- Explorar hasta qué punto la mentalidad dialéctica, centrada en el conflicto, es la mentalidad dominante –en muchos casos de modo inconsciente– en la cultura occidental contemporánea.
- Incidir en que la lucha contra la corrupción, que ahora nos preocupa tanto, no es una batalla contra un estamento concreto (la casta, los políticos, los banqueros), sino contra una mentalidad que anida en el corazón del hombre contemporáneo.
- Proponer una mentalidad alternativa, que llamo dialógica, que no sólo es más auténtica, sino también más práctica, constructiva y creativa.

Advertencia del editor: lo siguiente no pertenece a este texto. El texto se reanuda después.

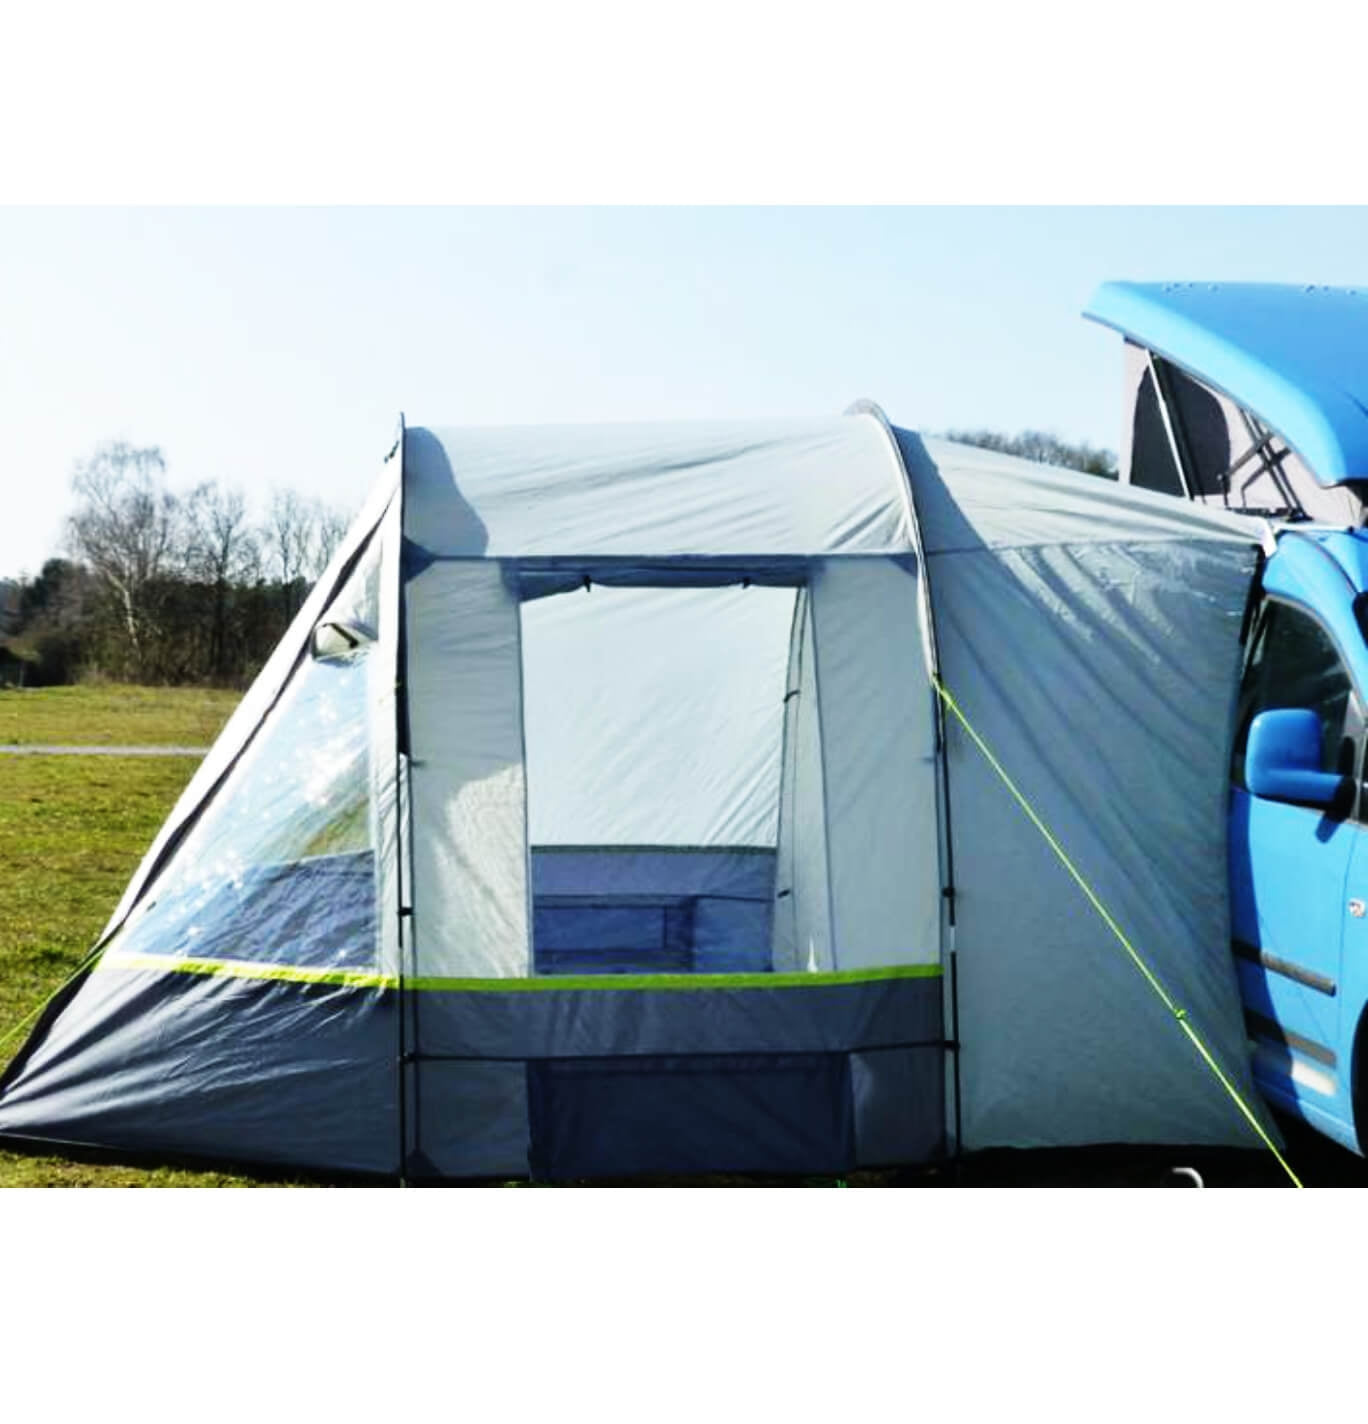 Reimo Tour Compact 2 Drive Away Awning, Inner Tent & Carpet Bundle Image
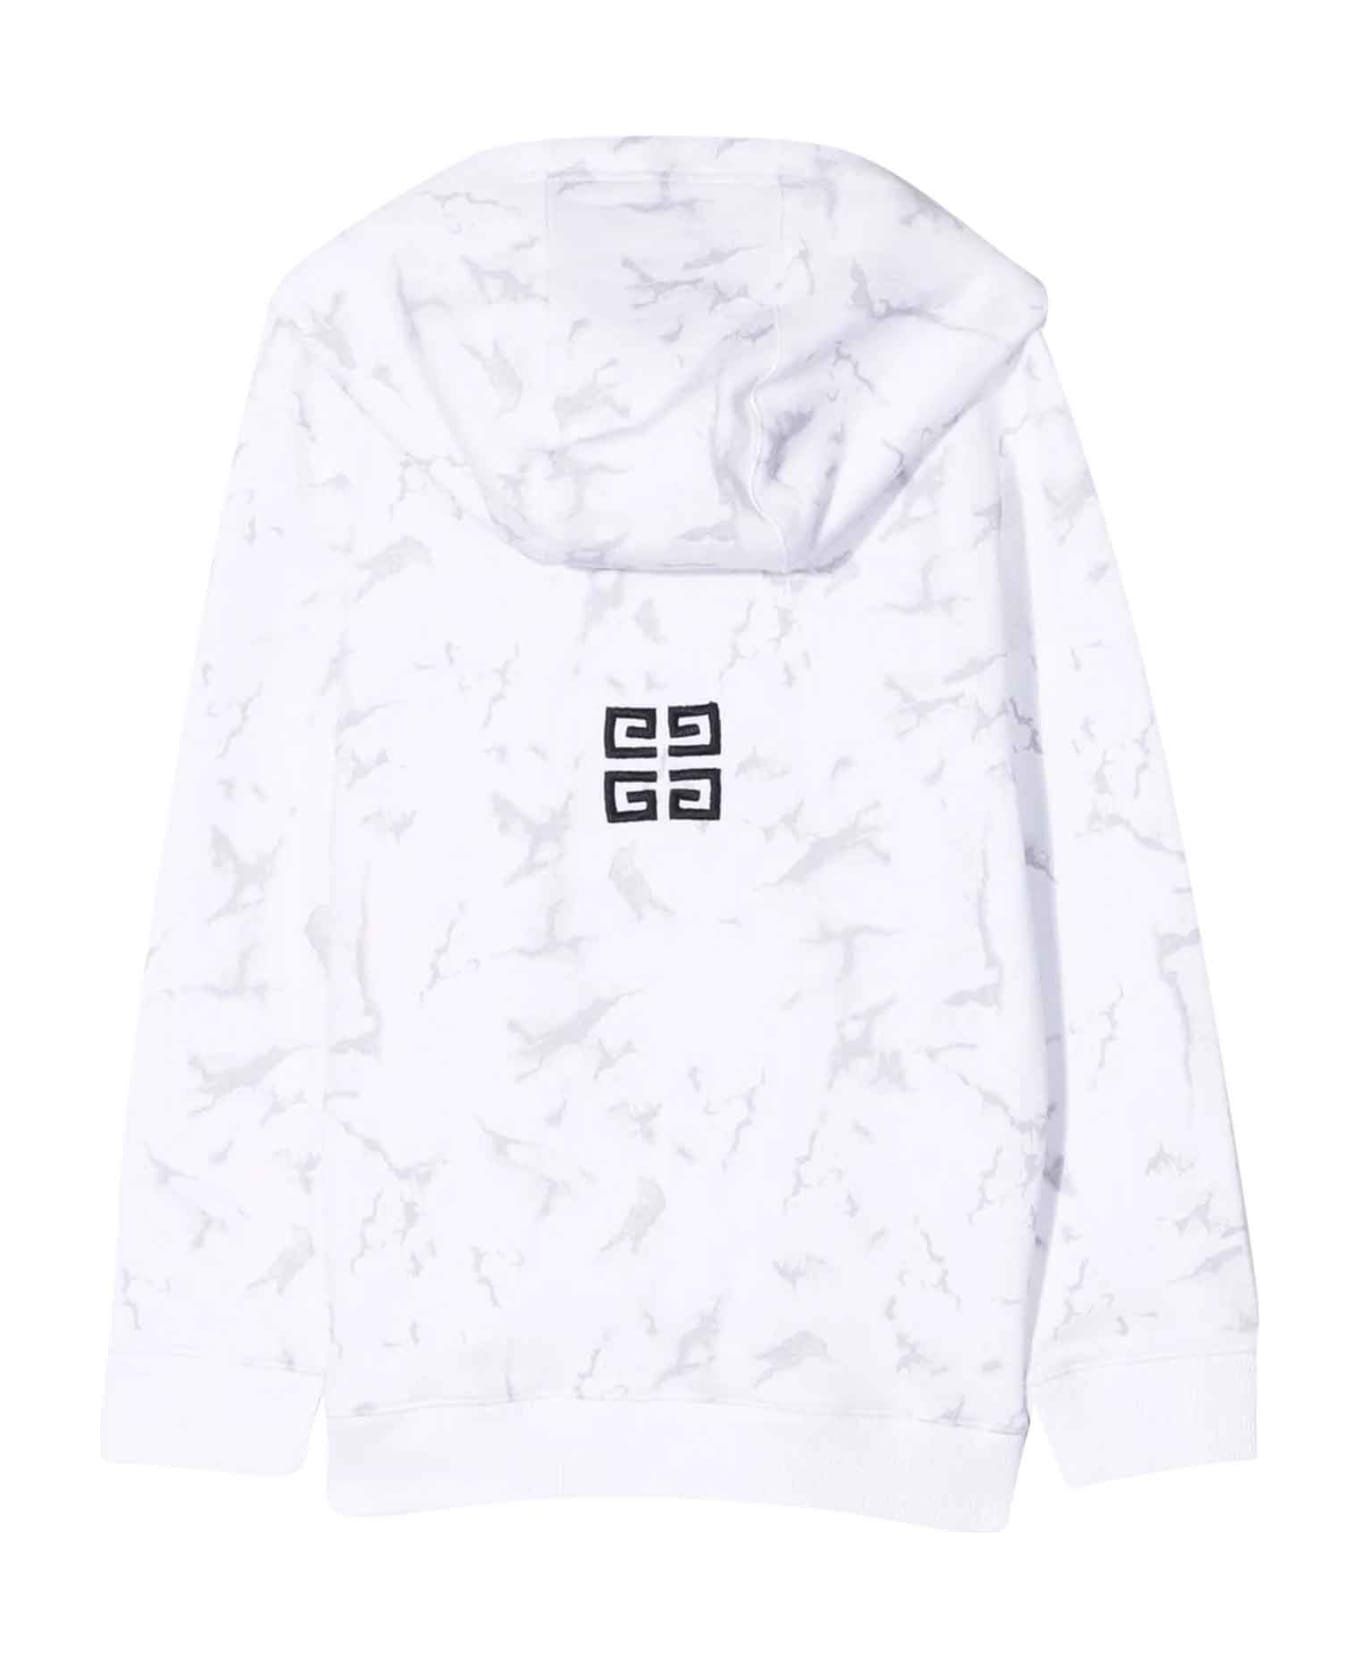 Givenchy White Unisex Sweatshirt With Hood And Print - Bianco

La historia empieza en un aula de enseñanza media. De un vistazo es fácil distinguir en ella dos roles o papeles muy distintos: el primero es el de profesor, ejercido por una sola persona. El otro es el de alumno, ejercido por 25 adolescentes. Entre estos últimos, si nos fijamos bien y escuchamos sus conversaciones, hay como pequeños sub-roles, etiquetas, casi como profecías auto-cumplidas, que a quien las sufre le hacen más o menos gracia: el payaso, calculín, el abusón, la chupap*ll*s, el chulo… En cualquier caso, por mal que estén las cosas, todos saben que ellos son alumnos y pertenecen la misma casta, a la que desde luego no pertenece el profesor, que tiene otros intereses, que es como “de otro planeta”, que nos es “de los nuestros”. Cuando hay que elegir –y siempre hay que hacerlo–, todos saben de qué lado deben estar.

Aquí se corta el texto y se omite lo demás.